Step 1: Prerequisites¶

# Verify kernel version (5.4+ required, 5.14+ recommended per WD brief)
uname -r
# Expected: 5.14.0-70.70.1.el9_0.x86_64 (RHEL 9) or similar

# Verify GPU driver is installed
nvidia-smi
# Expected: Driver 535.86.10 or later

# Verify CUDA is installed
nvcc --version
# Expected: CUDA 12.2.1 or later

# Install kernel headers (needed to build nvidia-fs module)
# RHEL/CentOS:
sudo dnf install kernel-devel kernel-headers

# Ubuntu:
sudo apt install linux-headers-$(uname -r)

Step 2: Install Mellanox OFED (for NVMe-oF / RDMA)¶

# Download MLNX_OFED from NVIDIA networking portal
# Match version to reference: 5.8-3.0.7.0

wget https://linux.mellanox.com/public/repo/mlnx_ofed/5.8-3.0.7.0/rhel9.0/x86_64/MLNX_OFED_LINUX-5.8-3.0.7.0-rhel9.0-x86_64.tgz
tar xzf MLNX_OFED_LINUX-5.8-3.0.7.0-rhel9.0-x86_64.tgz
cd MLNX_OFED_LINUX-5.8-3.0.7.0-rhel9.0-x86_64

# Install with GDS-specific flags
sudo ./mlnxofedinstall \
    --with-nvmf-host-target \   # NVMe-oF host support
    --with-nfsrdma \            # RDMA for NFS (optional)
    --without-fw-update \       # skip firmware update (do separately)
    --add-kernel-support        # build kernel modules

sudo dracut -f   # update initramfs
sudo reboot

Step 3: Install GDS Package¶

# GDS is bundled with CUDA Toolkit extras and standalone package

# Method A: CUDA Toolkit installer (includes GDS)
# When running CUDA installer, select "GPUDirect Storage" component

# Method B: Standalone GDS install (RHEL/Rocky)
sudo dnf install cuda-cudart-12-2          # CUDA runtime
sudo dnf install libcufile-12-2            # GDS library
sudo dnf install libcufile-devel-12-2      # GDS headers
sudo dnf install nvidia-gds-12-2          # GDS metapackage (includes nvidia-fs)
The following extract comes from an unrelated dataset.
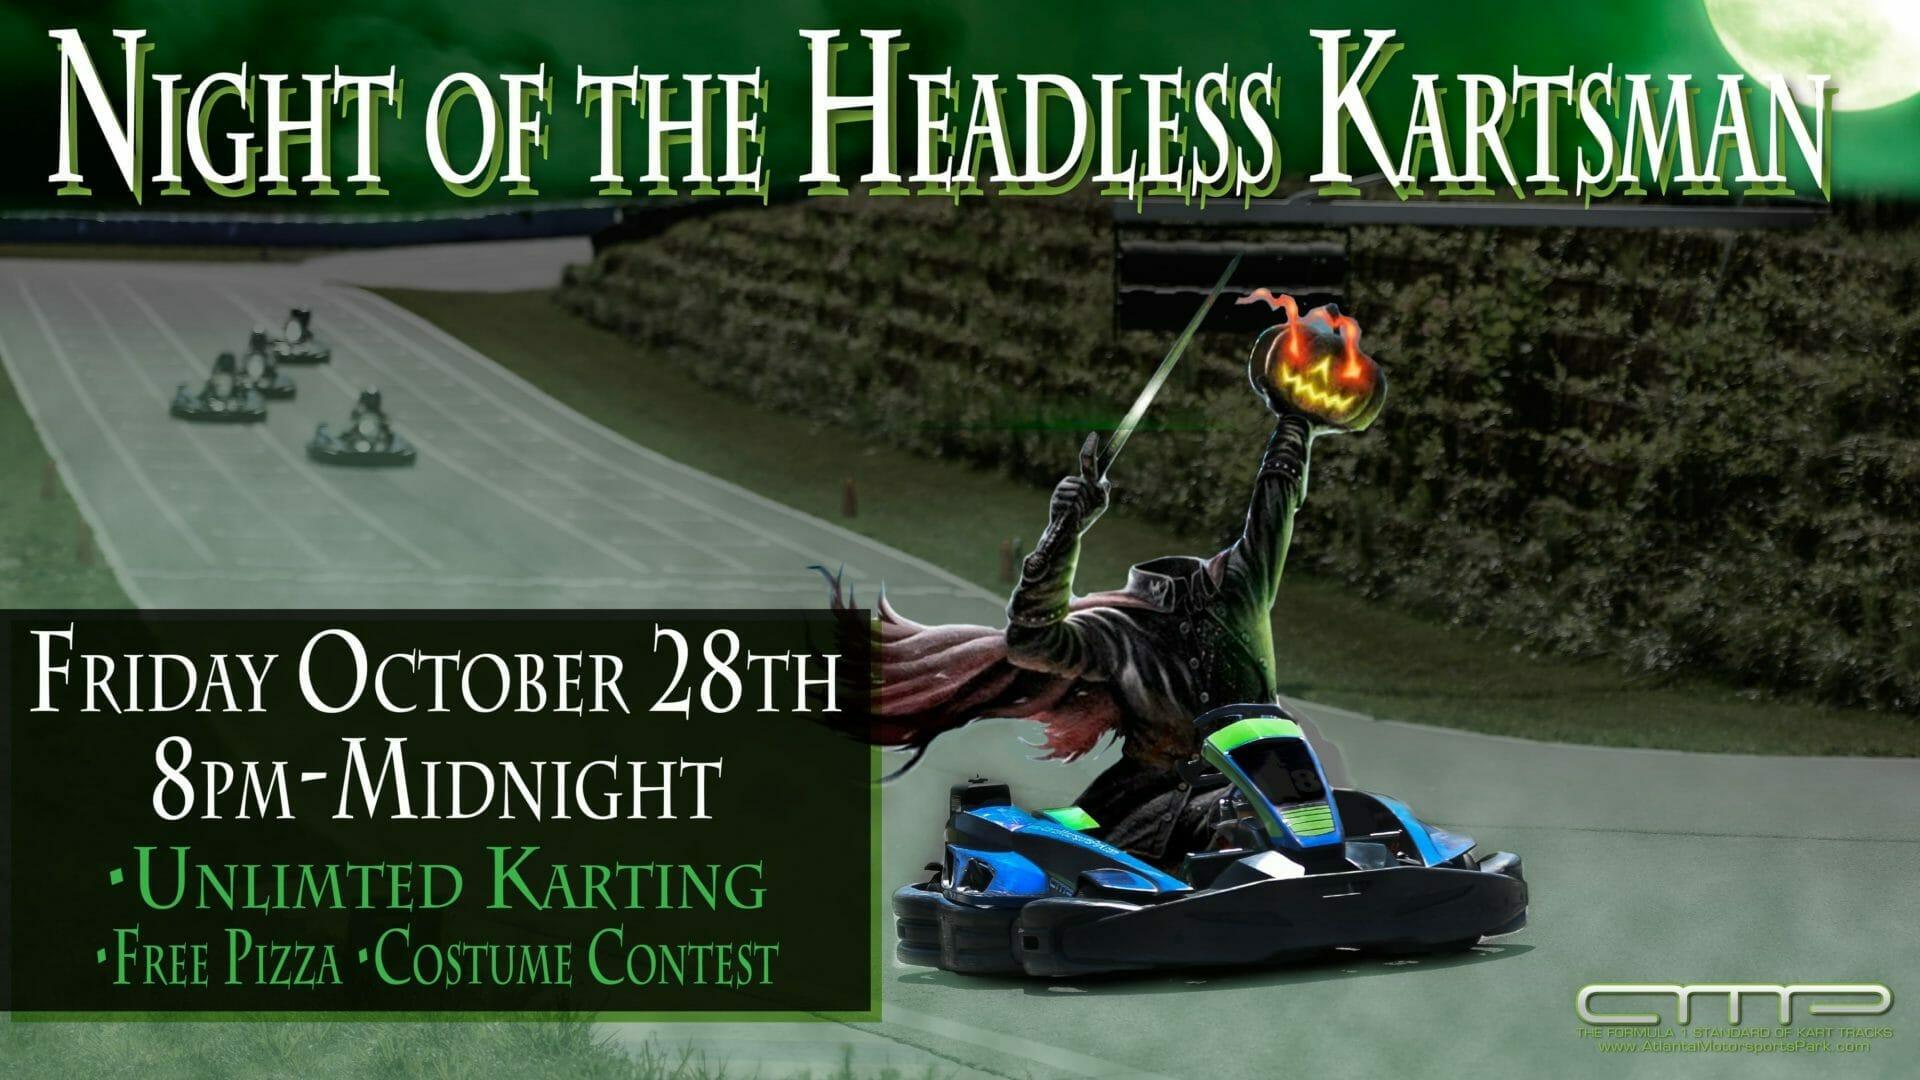 Halloween - Oct 28: Night of the Headless Kartsman

# Verify nvidia-fs module is installed
sudo modprobe nvidia_fs
lsmod | grep nvidia_fs
# nvidia_fs   1234567  0

Step 4: Configure File System¶

GDS requires specific file system configuration:

# Mount NVMe with GDS-compatible options
# ext4 — no special mount options needed
# xfs  — use: dax=never (avoid DAX mode conflicts)

# Check current mounts
mount | grep nvme

# Example /etc/fstab entry for NVMe with GDS
/dev/nvme0n1p1  /mnt/nvme0  ext4  defaults,noatime  0 2

# Re-mount without atime for performance
sudo mount -o remount,noatime /mnt/nvme0

# For NVMe-oF targets, connect via nvme-cli
sudo nvme connect \
    --transport rdma \
    --traddr 192.168.100.10 \      # OpenFlex IP
    --trsvcid 4420 \               # NVMe-oF port
    --nqn nqn.2020-08.org.nvmexpress:subsys1

# Verify connected NVMe-oF namespaces
nvme list
# /dev/nvme4n1   WD OpenFlex ...

Step 5: Start cuFile Daemon¶

# Start daemon (required for GDS operations)
sudo systemctl enable cufile.service
sudo systemctl start cufile.service
sudo systemctl status cufile.service

# Manual start (for testing)
sudo /usr/local/cuda/bin/cufile_daemon &

# Verify daemon is running
ps aux | grep cufile

3. GDS Configuration File¶

The cuFile daemon is configured via /etc/cufile.json:

{
  "logging": {
    "level": "WARN"
  },
  "profile": {
    "nvtx": false,
    "cufile_stats": 0
  },
  "execution": {
    "max_direct_io_size_kb": 16384,
    "max_device_cache_size_kb": 131072,
    "max_io_queue_depth": 128,
    "max_batch_io_timeout_msecs": 5,
    "num_threads_per_block": 32,
    "num_io_threads": 4
  },
  "properties": {
    "max_direct_io_size_kb": 16384,
    "use_poll_mode": false,
    "poll_mode_max_size_kb": 4,
    "max_batch_io_size_kb": 65536,
    "allow_compat_mode": true,      ← fallback to CPU path if GDS unavailable
    "gds_rdma_write_support": true
  },
  "fs": {
    "generic": {
      "posix_unaligned_writes": false,
      "posix_writes": false,
      "allow_sb_offload": false
    }
  }
}

Key parameters:

Parameter	Recommended Value	Effect
`max_direct_io_size_kb`	16384 (16 MB)	Max single GDS transfer size
`max_device_cache_size_kb`	131072 (128 MB)	GPU-side cuFile cache
`max_io_queue_depth`	128	Concurrent I/O requests
`allow_compat_mode`	true	Silent fallback to CPU path
`use_poll_mode`	false	Interrupt vs polling (polling: lower latency, more CPU)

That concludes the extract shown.